RECORD EXCERPTS:

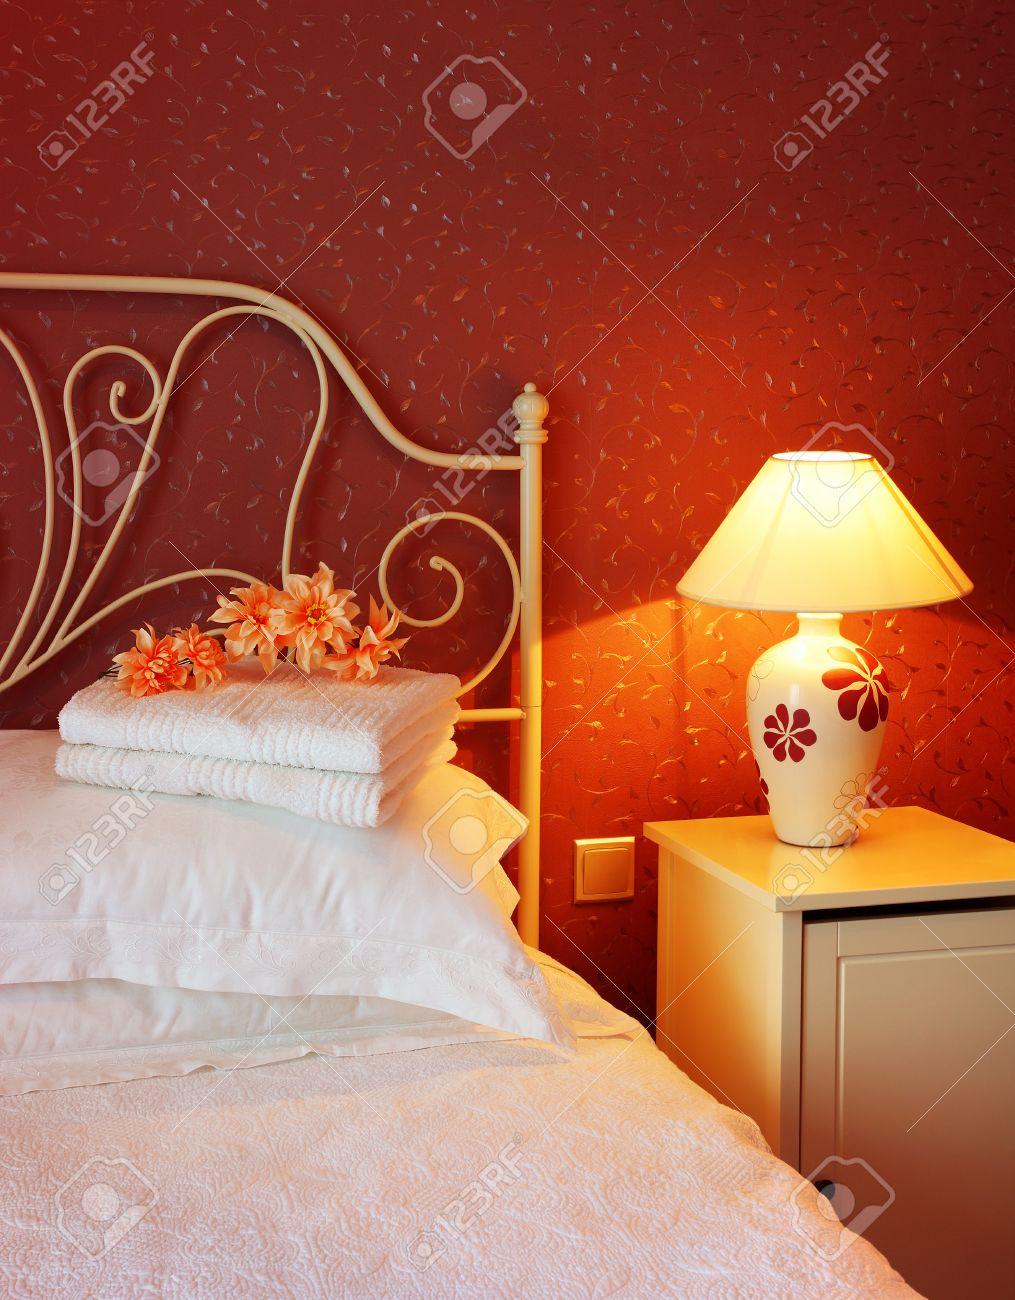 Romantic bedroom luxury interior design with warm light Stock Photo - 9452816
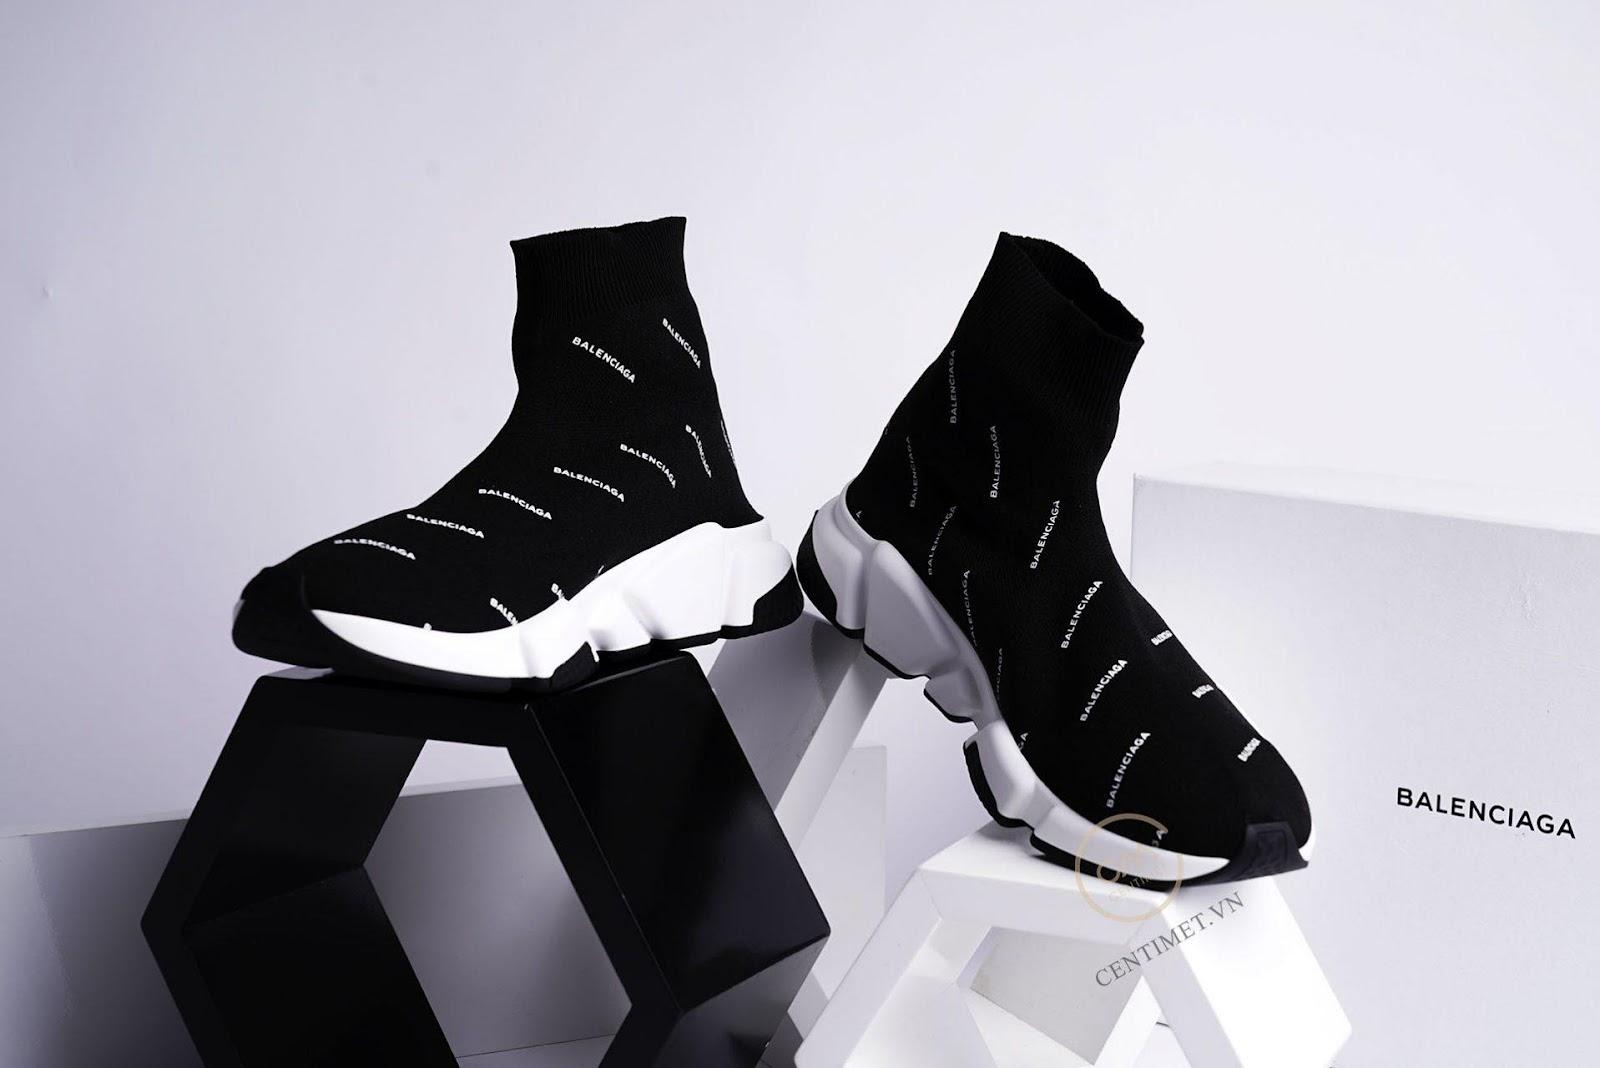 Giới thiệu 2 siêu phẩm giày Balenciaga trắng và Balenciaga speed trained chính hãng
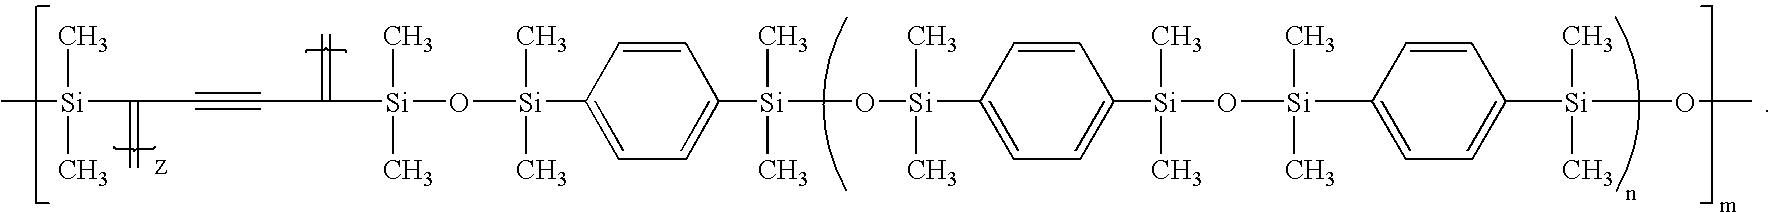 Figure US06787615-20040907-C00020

==

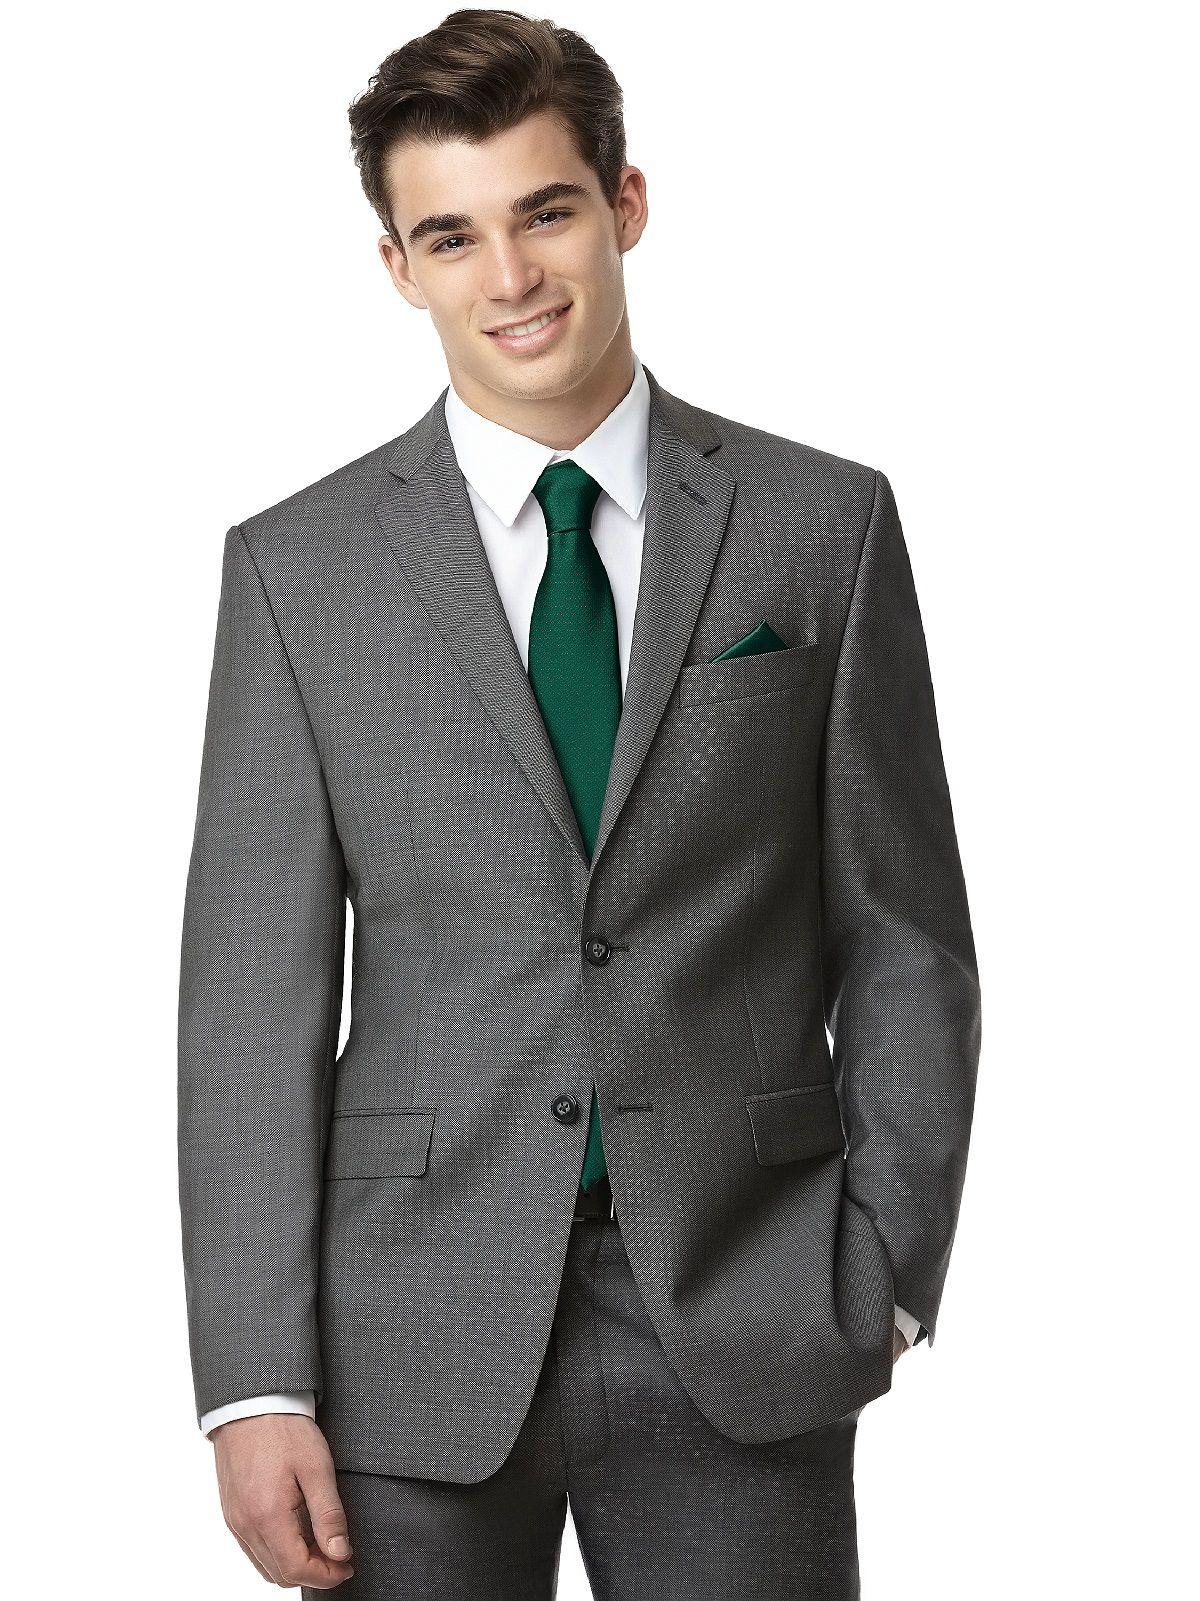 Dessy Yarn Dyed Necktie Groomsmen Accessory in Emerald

EXERCISE DESCRIPTION:
In the listing above, find the line with "Romantic bedroom luxury" and output every line through the one with "Figure US06787615-20040907-C00020", exactly, without the pictures.

EXERCISE SOLUTION:
 Romantic bedroom luxury interior design with warm light Stock Photo - 9452816
 Giới thiệu 2 siêu phẩm giày Balenciaga trắng và Balenciaga speed trained chính hãng
 Figure US06787615-20040907-C00020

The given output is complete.